The P19 genotype belongs to the PII genogroup of group A rotaviruses (RVs). However, unlike the other PII RVs, which mainly infect humans, P19 RVs commonly infect animals (pigs), making P19 unique ...for the study of RV diversity and host ranges. Through in vitro binding assays and saturation transfer difference (STD) nuclear magnetic resonance (NMR), we found that P19 could bind mucin cores 2, 4, and 6, as well as type 1 histo-blood group antigens (HBGAs). The common sequences of these glycans serve as minimal binding units, while additional residues, such as the A, B, H, and Lewis epitopes of the type 1 HBGAs, can further define the binding outcomes and therefore likely the host ranges for P19 RVs. This complex binding property of P19 is shared with the other three PII RVs (P4, P6, and P8) in that all of them recognized the type 1 HBGA precursor, although P4 and P8, but not P6, also bind to mucin cores. Moreover, while essential for P4 and P8 binding, the addition of the Lewis epitope blocked P6 and P19 binding to type 1 HBGAs. Chemical-shift NMR of P19 VP8* identified a ligand binding interface that has shifted away from the known RV P-genotype binding sites but is conserved among all PII RVs and two PI RVs (P10 and P12), suggesting an evolutionary connection among these human and animal RVs. Taken together, these data are important for hypotheses on potential mechanisms for RV diversity, host ranges, and cross-species transmission.

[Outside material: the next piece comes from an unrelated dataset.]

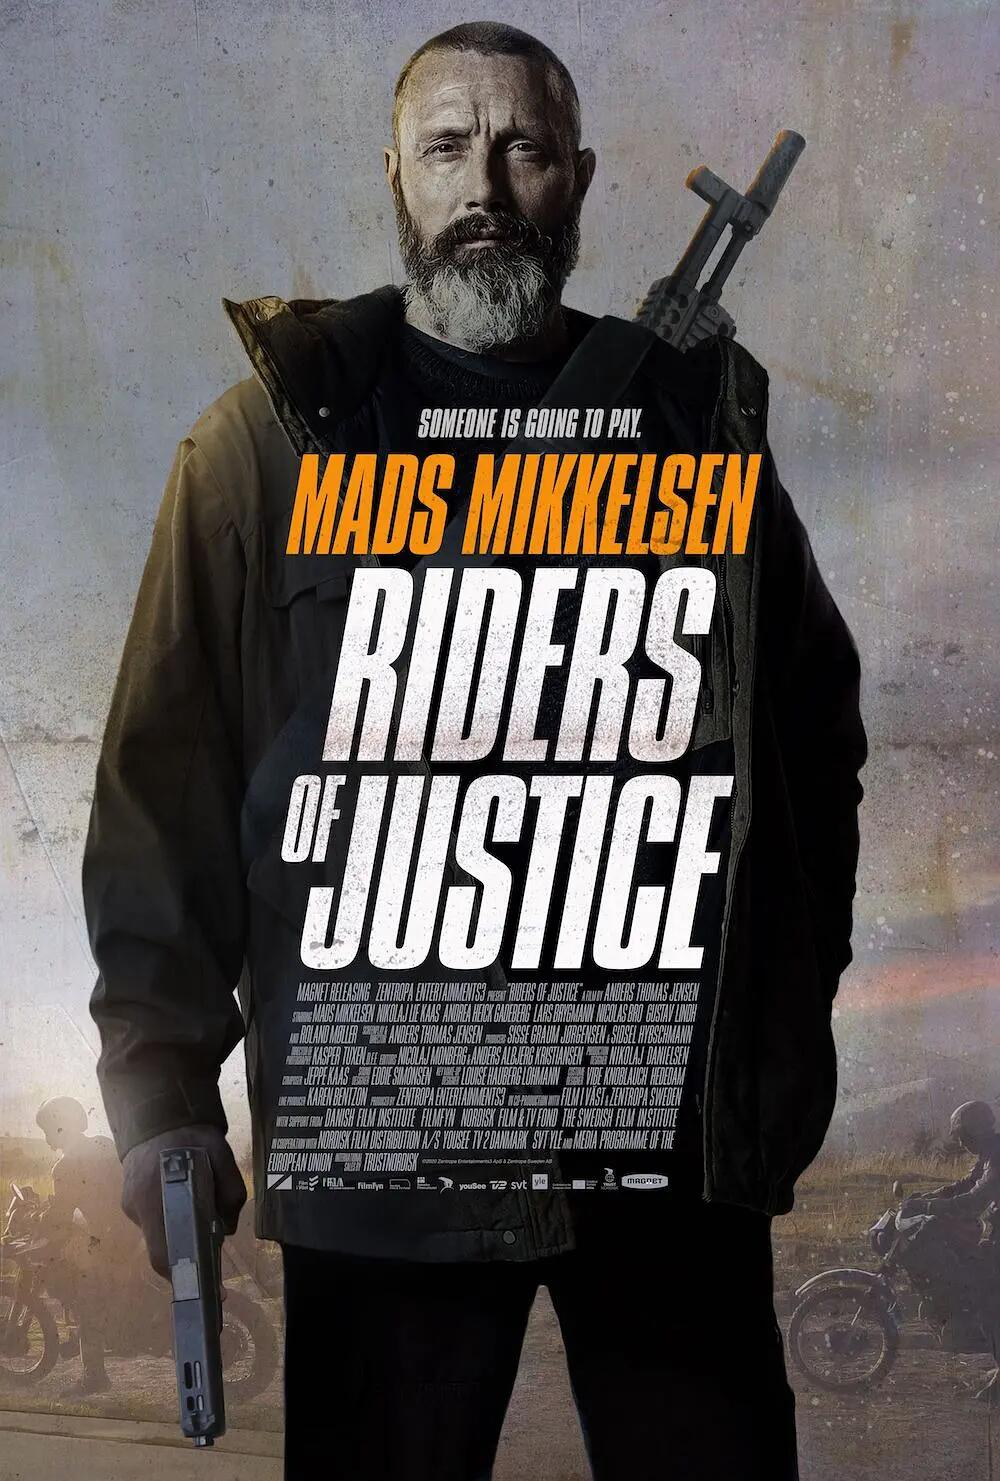 <strong>电影</strong>推荐 正义骑士 豆瓣观看

In this study, we found that our P19 strain and other PII RVs recognize mucin cores and the type 1 HBGA precursors as the minimal functional units and that additional saccharides adjacent to these units can alter binding outcomes and thereby possibly host ranges. These data may help to explain why some PII RVs, such as P6 and P19, commonly infect animals but rarely humans, while others, such as the P4 and P8 RVs, mainly infect humans and are predominant over other P genotypes. Elucidation of the molecular bases for strain-specific host ranges and cross-species transmission of these human and animal RVs is important to understand RV epidemiology and disease burden, which may impact development of control and prevention strategies against RV gastroenteritis.